Being a diabetic, whether type-1 or type-2, doesn’t always mean that you can’t have some of your favorite meals. All it means is that you must be mindful of what you’re putting into your body, as well as the amounts that you consume. If you really have a craving for something, there is usually a way to medicate yourself properly so that you can partake. However, as any diabetic knows, the goal is to live your life in such a way that you require as little insulin as possible.
With all diabetics it’s all about carbs, since diabetics don’t produce enough insulin to counteract carbohydrates (which are turned into sugar in the bloodstream). While eating no carbs is an option that some diabetics consider, it would mean forgoing a lot of delicious foods. The important thing is to know how many carbs are in each meal so that you can take the appropriate amount of insulin to counteract it.
What follows are some man-friendly dinners that any diabetic can enjoy. Some might require a little more insulin, but overall there are dinners that are lighter on the carbs, heavy on the flavor and definitely filling. Having diabetes shouldn’t feel like you are shackled when you go out for dinner or when you’re having a barbecue. With a few smart choices and a little bit of thinking, you can enjoy a delicious meal that won’t make you feel like you’re missing out.
(Note: Each dinner is listed with an alcoholic beverage, and every diabetic reacts differently to alcohol. Some diabetics get high blood sugar from the carbs in the beverages while others get extreme lows from the alcohol content, so be mindful of this. Dry white wines and red wines are usually diabetic-friendly, but try to stay away from mixed drinks or dessert wines.)
Diabetic-Friendly Dinner: Steak Frites
As much rib-eye steak as you can eat, grilled to your desired doneness
5 ounces of sweet potato fries (25 grams of carbohydrates)
1 cup of string beans (6 grams of carbohydrates)
Total carbs: Approximately 31 grams
The great thing about this meal is that every guy loves a good steak and luckily, being a diabetic means you can eat as much steak (and any other protein) as you like without worrying about your body’s reaction. The sweet potato fries are a healthier alternative to regular French fries because the glycemic index is lower, meaning that the sweet potato fries will slowly dissolve in your bloodstream and your blood sugar won’t spike suddenly.AVOID: Don’t overindulge on the fries. Really try to limit yourself to a single portion, but be careful; they can be addictive.
Diabetic-Friendly Dinner: Roast Baby Chicken
1 whole roast baby chicken (roasted in olive oil, not butter)
1 cup of mashed potatoes (35 grams of carbohydrates)
1 cup of broccoli (10 grams of carbohydrates)
Dry white wine
Total carbs: Approximately 45 grams
Chicken and potatoes are a very basic and delicious meal that is extremely satisfying. The baby chicken is fun to eat because you can rip it apart like an animal, and it goes great with the mashed potatoes (or you can do a baked potato if it’s more convenient).
AVOID: Try not to use a sauce or a gravy that is too sweet or creamy — gravies can contain a lot of hidden carbs.
Diabetic-Friendly Dinner: Cheeseburger
2 beef or turkey patties (no bun!) wrapped in iceberg lettuce leaves with tomatoes, onions, ketchup, mayo, etc.
4 ounces of French fries (approximately 40 grams of carbohydrates)
1 cup of asparagus (approximately 4 grams of carbohydrates)

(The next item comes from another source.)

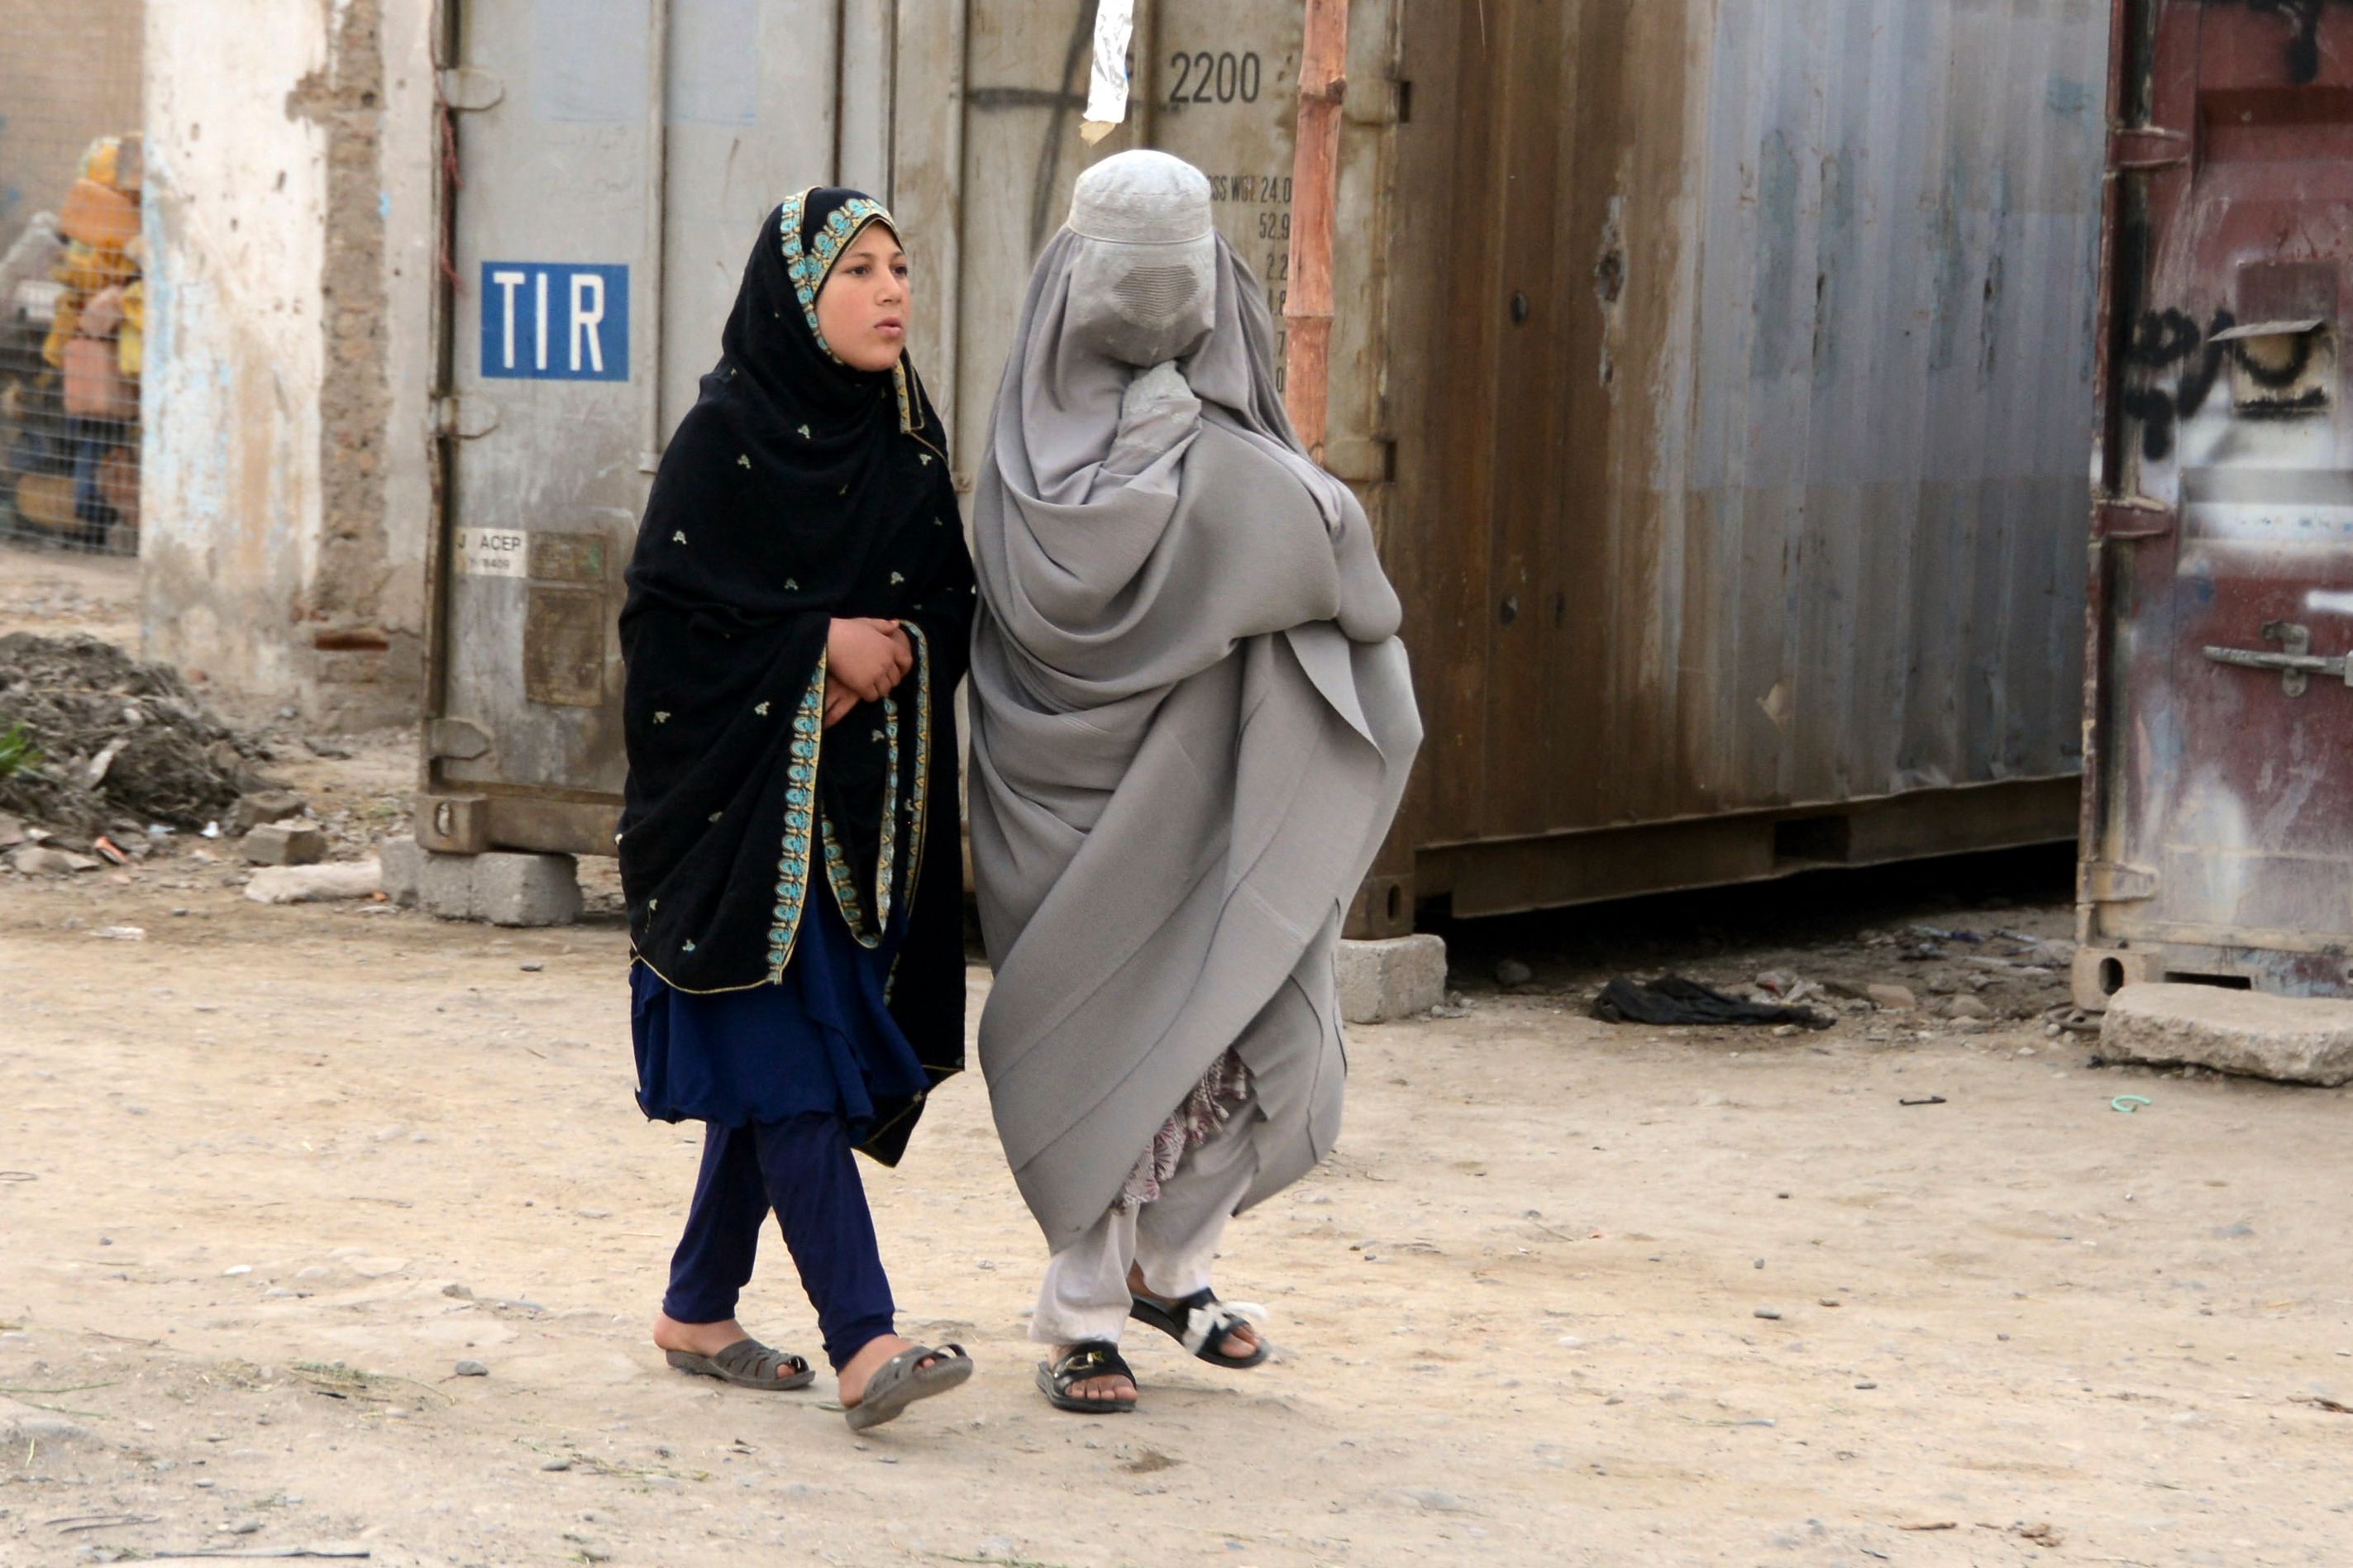 En burkakledd kvinne og et barn går på gata i Kandahar i Afghanistan.
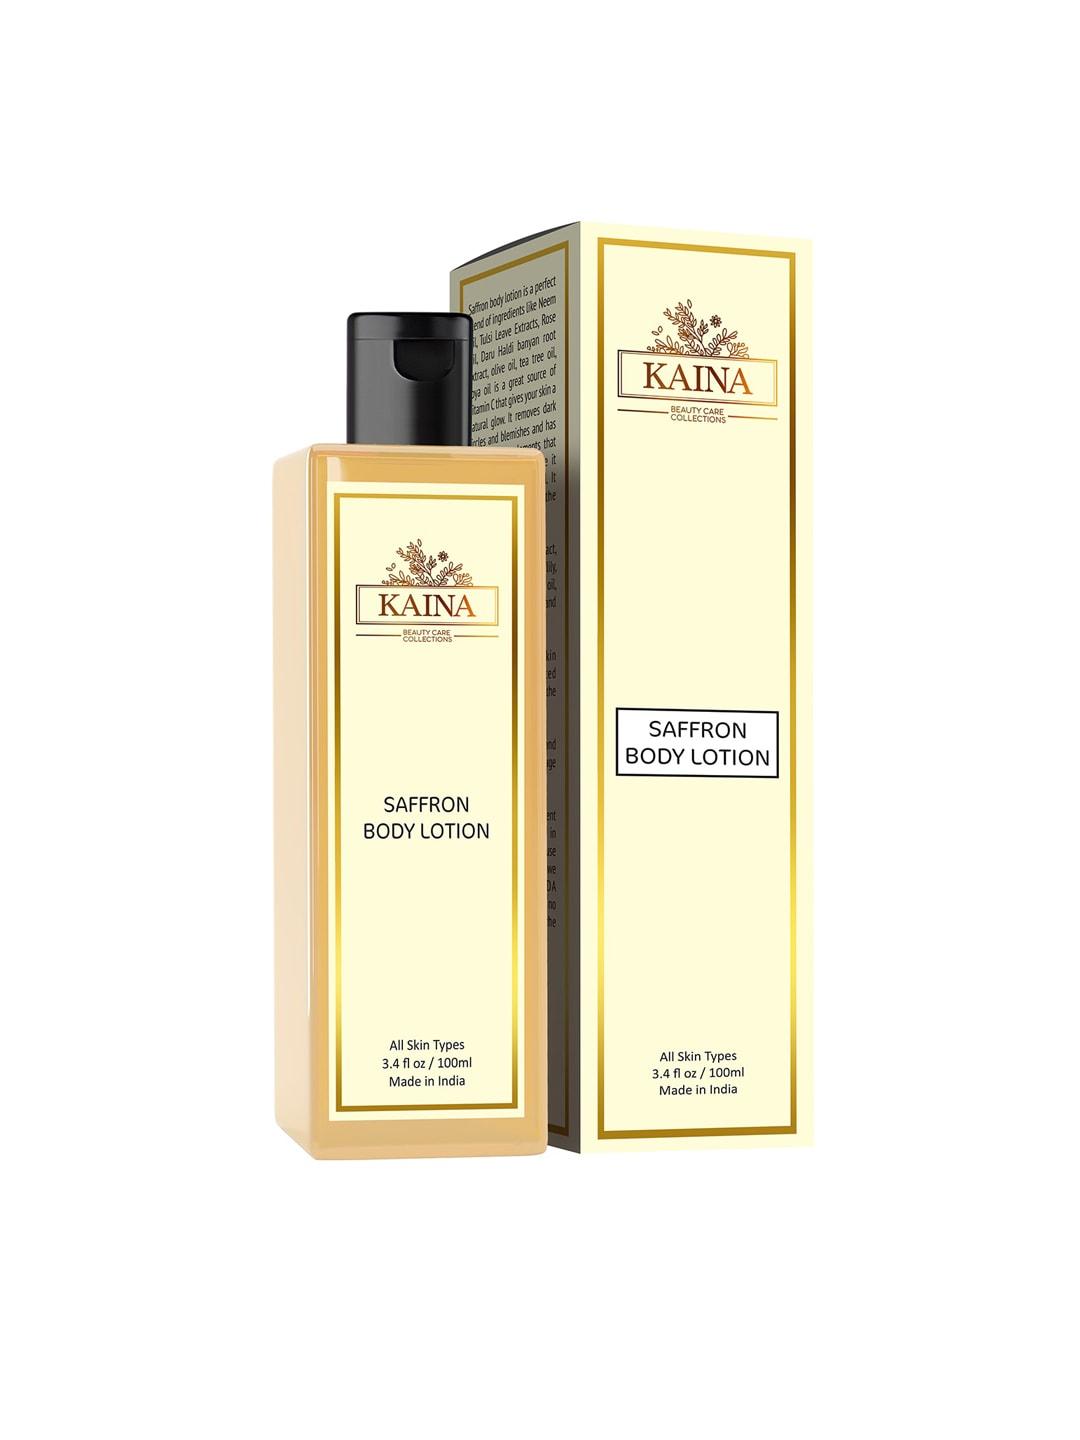 Kaina skincare Saffron Body Lotion with Tea Tree Oil - 200ml

Total carbs: Approximately 44 grams
NOTE: You can substitute a bun in lieu of the fries, which would be approximately 25 grams of carbohydrates.
Hey, In N’ Out has “protein style” burgers and you can easily do it yourself with iceberg lettuce leaves and save yourself the bun. Use two turkey patties if you want to be extra healthy and stuff them in those lettuce leaves with a ton of toppings and you won’t be missing that bun at all.
AVOID: Again, watch out for those fries. If you’re worried about your self-control, then treat yourself to the bun, but don’t even bring the fries into the mix.
Diabetic-Friendly Dinner: Baked Mustard-Crusted Salmon
Large piece of salmon
1 cup of rice (approximately 45 grams of carbohydrates)
1 cup of spinach sauteed in olive oil (approximately 2 grams of carbohydrates)
Dry white wine
Total carbs: Approximately 47 grams
Salmon and rice go together very well, and they’re healthy and easy on the tummy — an important detail, since many diabetics can have problems digesting rich foods. Mustard is a good crust because it is considered a “free food," because it has zero carbohydrates. So, be as liberal with the mustard as you like, it’ll help the spinach taste better too!
AVOID: With this one, just be mindful of which rice you are using. Check the nutritional info because certain rices (jasmine, basmati) can be higher in carbs than others (long-grain, wild).
No Just Desserts
The best advice for any diabetic is to just not eat sweets. But if you have a sweet tooth and must have something, the best thing would be to top some sugar-free Jell-O with some whipped cream, which contains practically no carbs. If you replace the Jell-O with sugar-free pudding, it’s about 6 or 7 carbohydrates.